Furthermore, the ongoing Board of Directors was reappointed in full.
On Friday 13 June, GO p.l.c. announced that Forgendo Limited, the joint venture company between GO p.l.c. and Emirates International Telecommunications (Malta) Limited has acquired a further 353,958 shares in Forthnet S.A. issued share capital, for a total consideration of €1,875,977.40.
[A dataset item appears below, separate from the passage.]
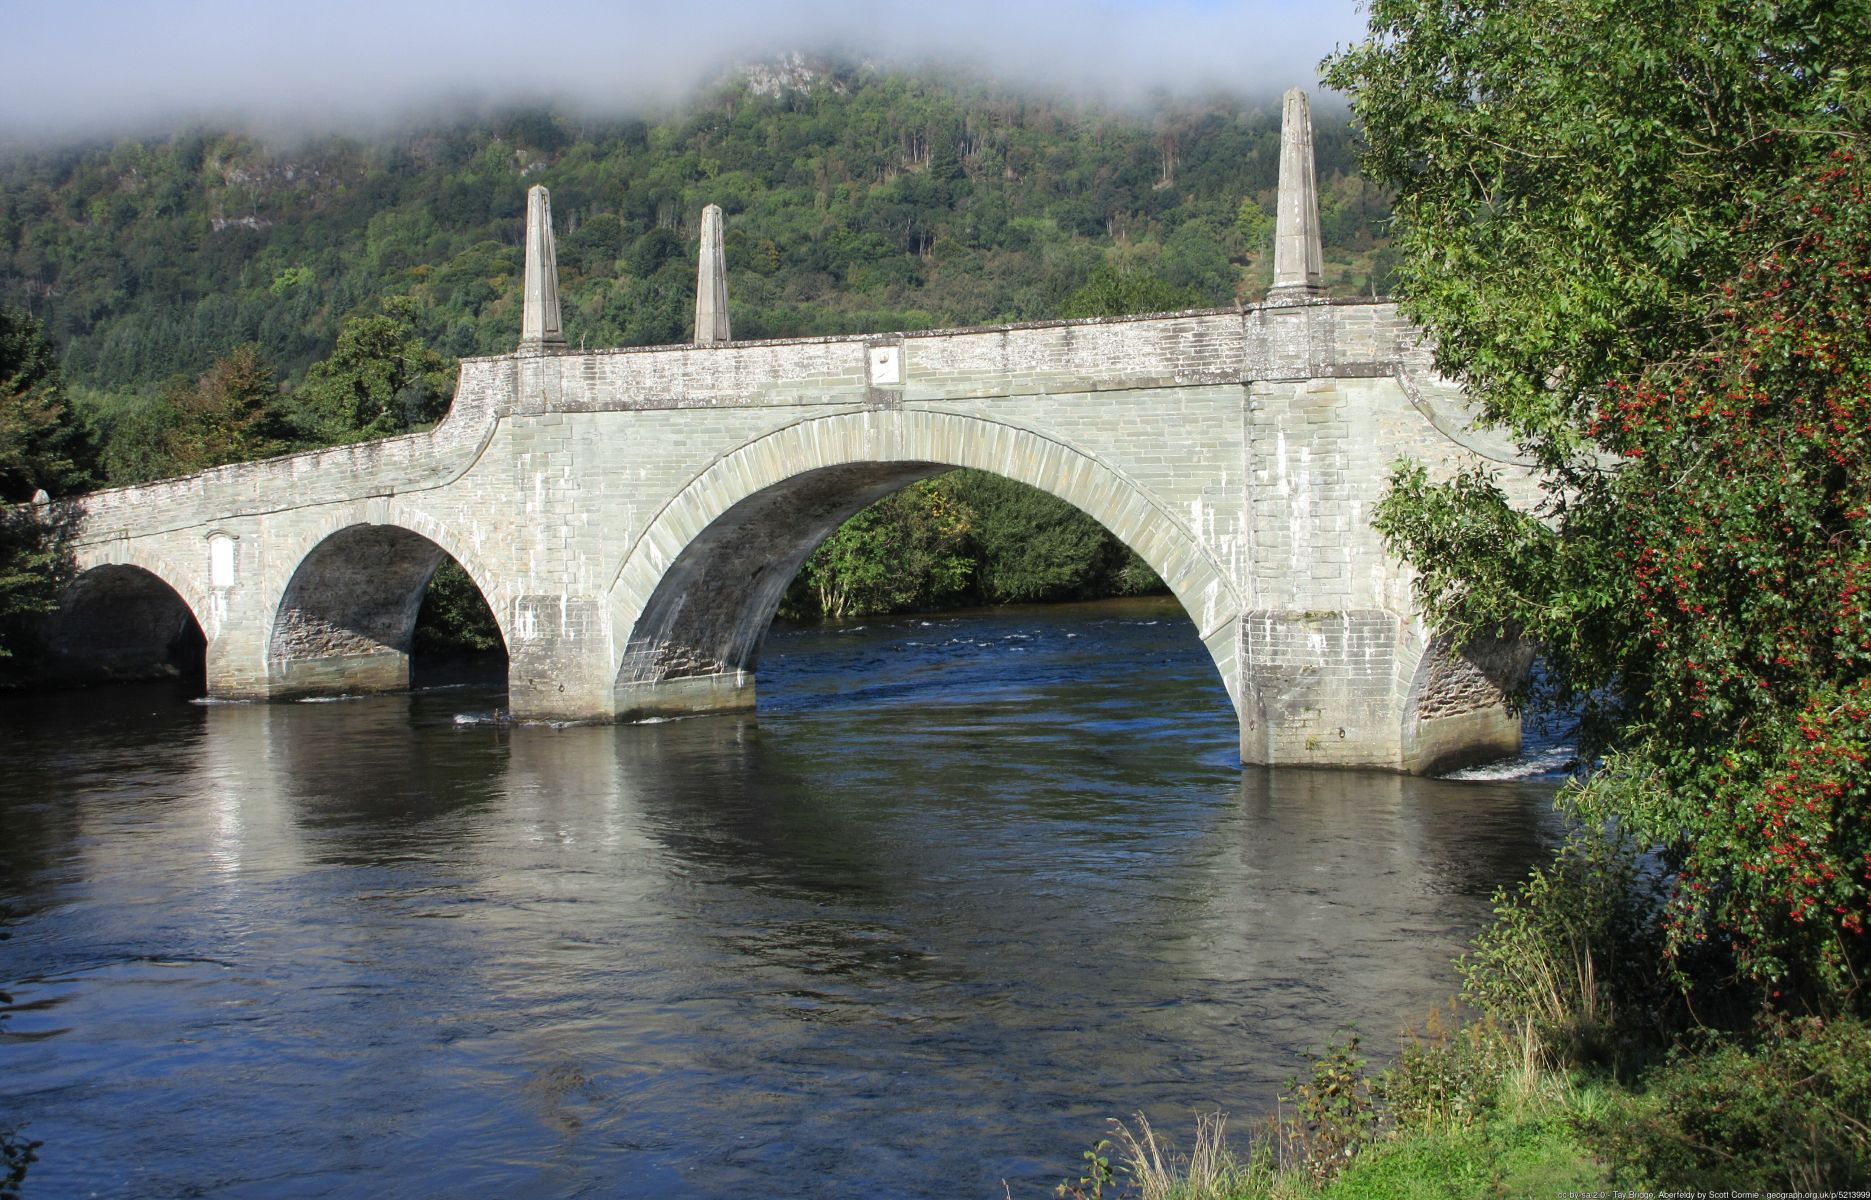 General Wade Bridge over River Tay at Aberfeldy

On Monday 16 June, FIMBank p.l.c. announced that MENAFACTORS Limited, originally a joint venture between FIMBank p.l.c. and National Bank of Dubai, authorised and regulated by the Dubai Financial Services Authority to provide credit, arrange credit or deals in investments and advice on financial products or credit as well as forfeiting and factoring and operating from the Dubai International Financial Centre, has become with effect from 29 May 2008, a fully owned subsidiary of FIMFactors B.V., a fully owned subsidiary of FIMBank p.l.c., incorporated in the Netherlands. The consolidation first and the transfer of the entire shareholding of MENAFACTORS Limited to FIMFactors B.V., albeit of a temporary nature, marks the first step of a restructuring of the joint venture companies of the FIMBank Group. The Transfer has been authorised by the competent authorities in both Malta and Dubai.
In the fixed interest market, a total of €1,951,656 (LM837,845.92) (9 Deals) were transacted in Government Bonds, whereas a total of €21,076 (LM9,047.93) (4 Deals) were transacted in Corporate Bonds.
The turnover value in the Treasury Bill secondary market amounted to €9,668 (LM4,150.47).